[<prev] [next>] [<thread-prev] [thread-next>] [day] [month] [year] [list]
Message-ID: <3d5cb9a4-6604-4302-a110-3d8ff91baa56@kernel.org>
Date: Mon, 9 Feb 2026 09:49:36 +0100
From: "David Hildenbrand (Arm)" <david@...nel.org>
To: Baolin Wang <baolin.wang@...ux.alibaba.com>, akpm@...ux-foundation.org,
catalin.marinas@....com, will@...nel.org
Cc: lorenzo.stoakes@...cle.com, ryan.roberts@....com,
Liam.Howlett@...cle.com, vbabka@...e.cz, rppt@...nel.org, surenb@...gle.com,
mhocko@...e.com, riel@...riel.com, harry.yoo@...cle.com, jannh@...gle.com,
willy@...radead.org, baohua@...nel.org, dev.jain@....com,
linux-mm@...ck.org, linux-arm-kernel@...ts.infradead.org,
linux-kernel@...r.kernel.org
Subject: Re: [PATCH v5 1/5] mm: rmap: support batched checks of the references
for large folios
On 12/26/25 07:07, Baolin Wang wrote:
> Currently, folio_referenced_one() always checks the young flag for each PTE
> sequentially, which is inefficient for large folios. This inefficiency is
> especially noticeable when reclaiming clean file-backed large folios, where
> folio_referenced() is observed as a significant performance hotspot.
>
> Moreover, on Arm64 architecture, which supports contiguous PTEs, there is already
> an optimization to clear the young flags for PTEs within a contiguous range.

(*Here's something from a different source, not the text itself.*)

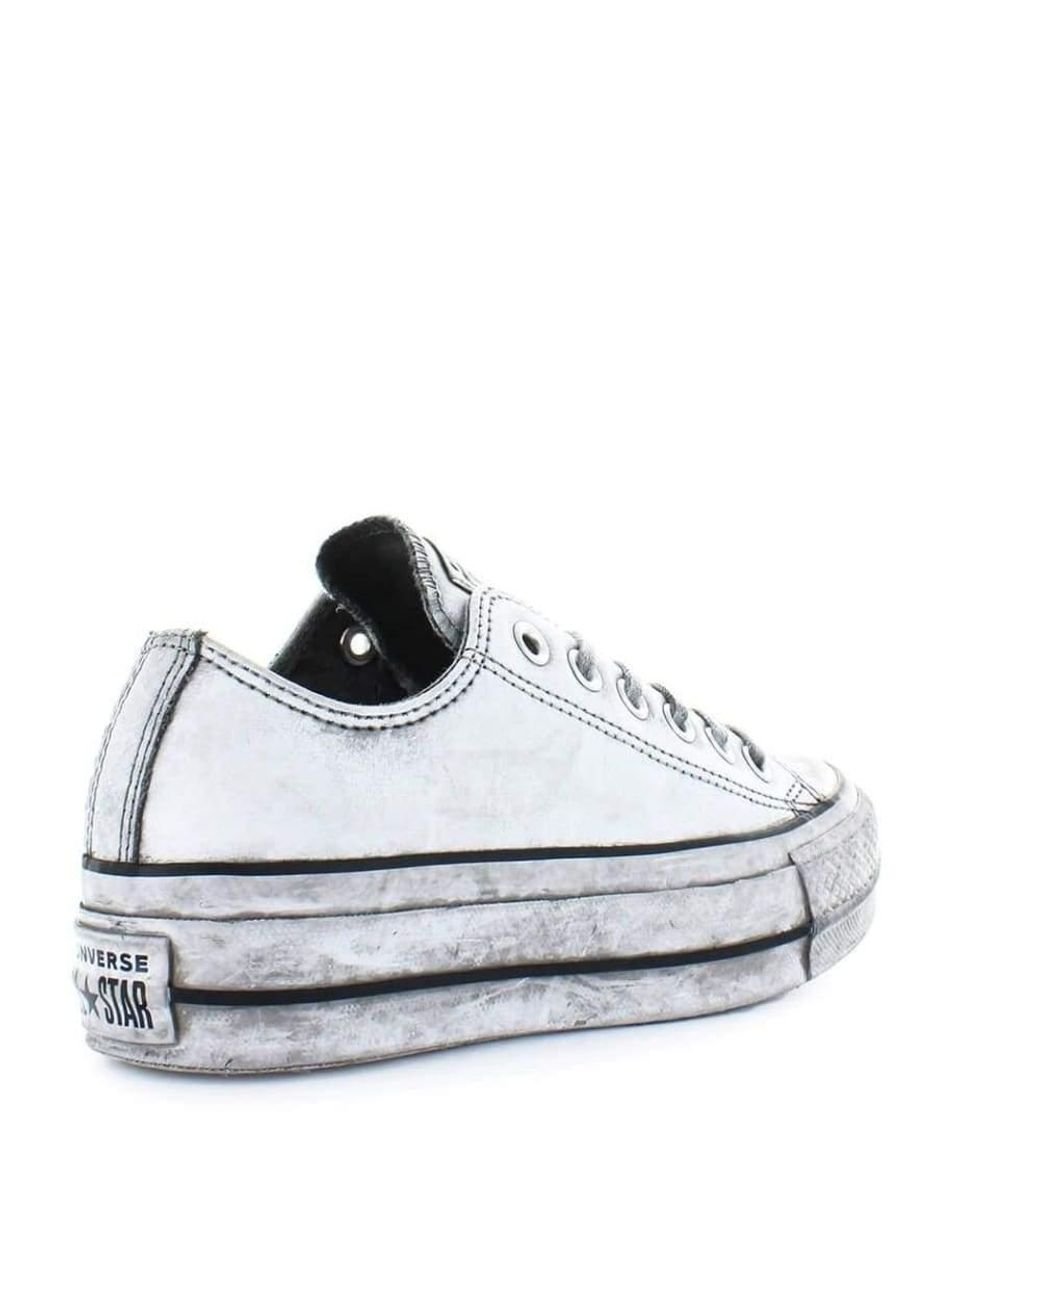 Converse Shoes All Star Platform White Smoke In Sneaker Fall Winter 2019 |  Lyst Canada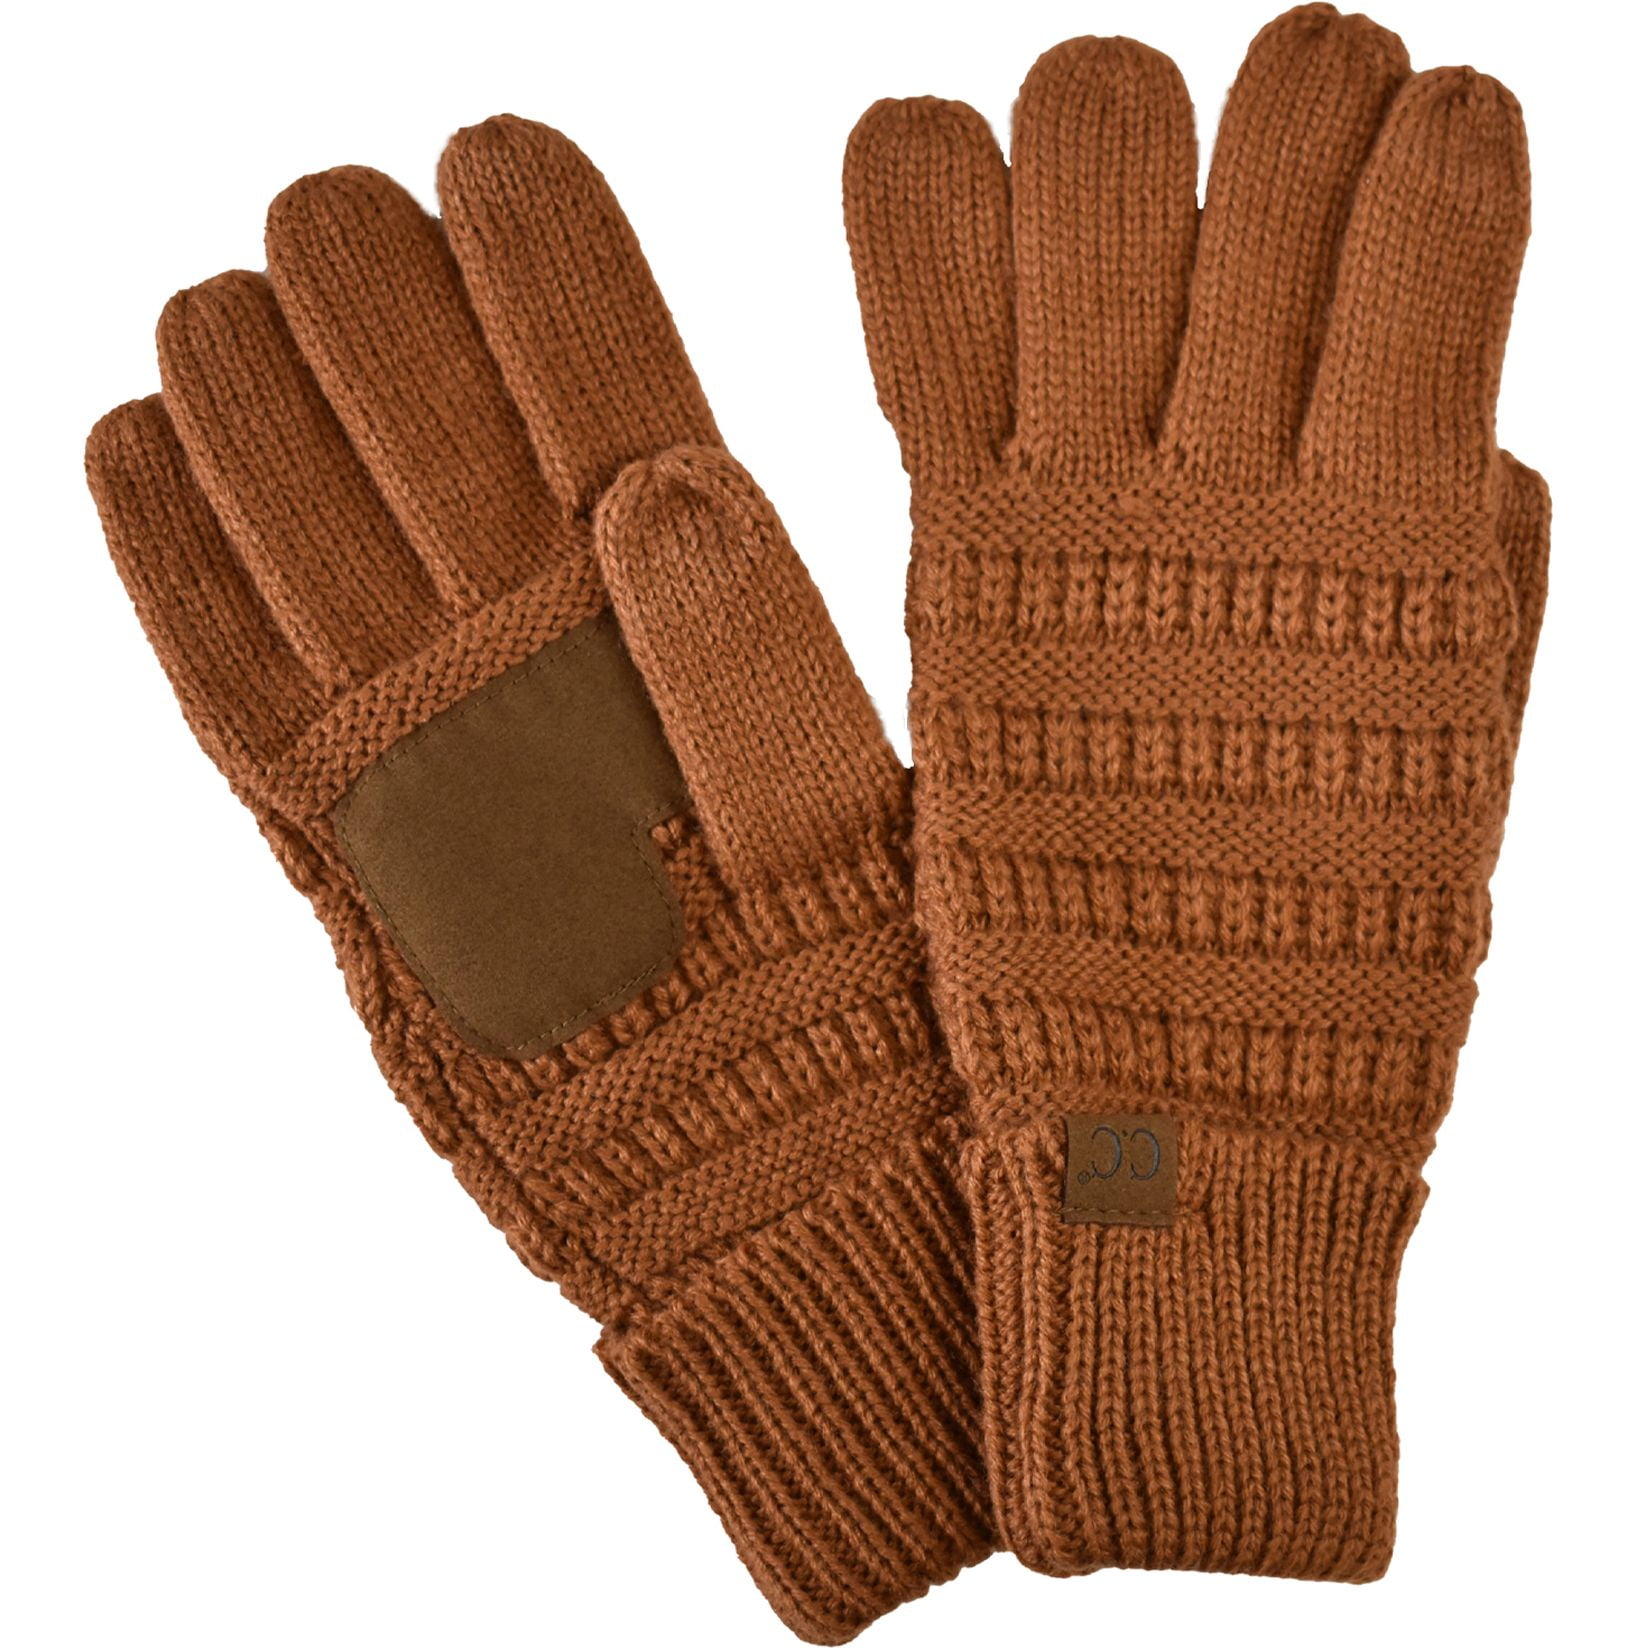 Men's Broner Ragg Wool Glove Mitts with Thinsulate One Size Fits Most #13-559

> However, this is not sufficient. We can extend this to perform batched operations
> for the entire large folio (which might exceed the contiguous range: CONT_PTE_SIZE).
>
> Introduce a new API: clear_flush_young_ptes() to facilitate batched checking
> of the young flags and flushing TLB entries, thereby improving performance
> during large folio reclamation. And it will be overridden by the architecture
> that implements a more efficient batch operation in the following patches.
>
> While we are at it, rename ptep_clear_flush_young_notify() to
> clear_flush_young_ptes_notify() to indicate that this is a batch operation.
>
> Reviewed-by: Ryan Roberts <ryan.roberts@....com>
> Signed-off-by: Baolin Wang <baolin.wang@...ux.alibaba.com>
> ---
> include/linux/mmu_notifier.h | 9 +++++----
> include/linux/pgtable.h | 31 +++++++++++++++++++++++++++++++
> mm/rmap.c | 31 ++++++++++++++++++++++++++++---
> 3 files changed, 64 insertions(+), 7 deletions(-)
>
> diff --git a/include/linux/mmu_notifier.h b/include/linux/mmu_notifier.h
> index d1094c2d5fb6..07a2bbaf86e9 100644
> --- a/include/linux/mmu_notifier.h
> +++ b/include/linux/mmu_notifier.h
> @@ -515,16 +515,17 @@ static inline void mmu_notifier_range_init_owner(
> range->owner = owner;
> }
>
> -#define ptep_clear_flush_young_notify(__vma, __address, __ptep) \
> +#define clear_flush_young_ptes_notify(__vma, __address, __ptep, __nr) \
> ({ \
> int __young; \
> struct vm_area_struct *___vma = __vma; \
> unsigned long ___address = __address; \
> - __young = ptep_clear_flush_young(___vma, ___address, __ptep); \
> + unsigned int ___nr = __nr; \
> + __young = clear_flush_young_ptes(___vma, ___address, __ptep, ___nr); \
> __young |= mmu_notifier_clear_flush_young(___vma->vm_mm, \
> ___address, \
> ___address + \
> - PAGE_SIZE); \
> + ___nr * PAGE_SIZE); \
> __young; \
> })
>
Man that's ugly, Not your fault, but can this possibly be turned into an
inline function in a follow-up patch.
[...]
>
> +#ifndef clear_flush_young_ptes
> +/**
> + * clear_flush_young_ptes - Clear the access bit and perform a TLB flush for PTEs
> + * that map consecutive pages of the same folio.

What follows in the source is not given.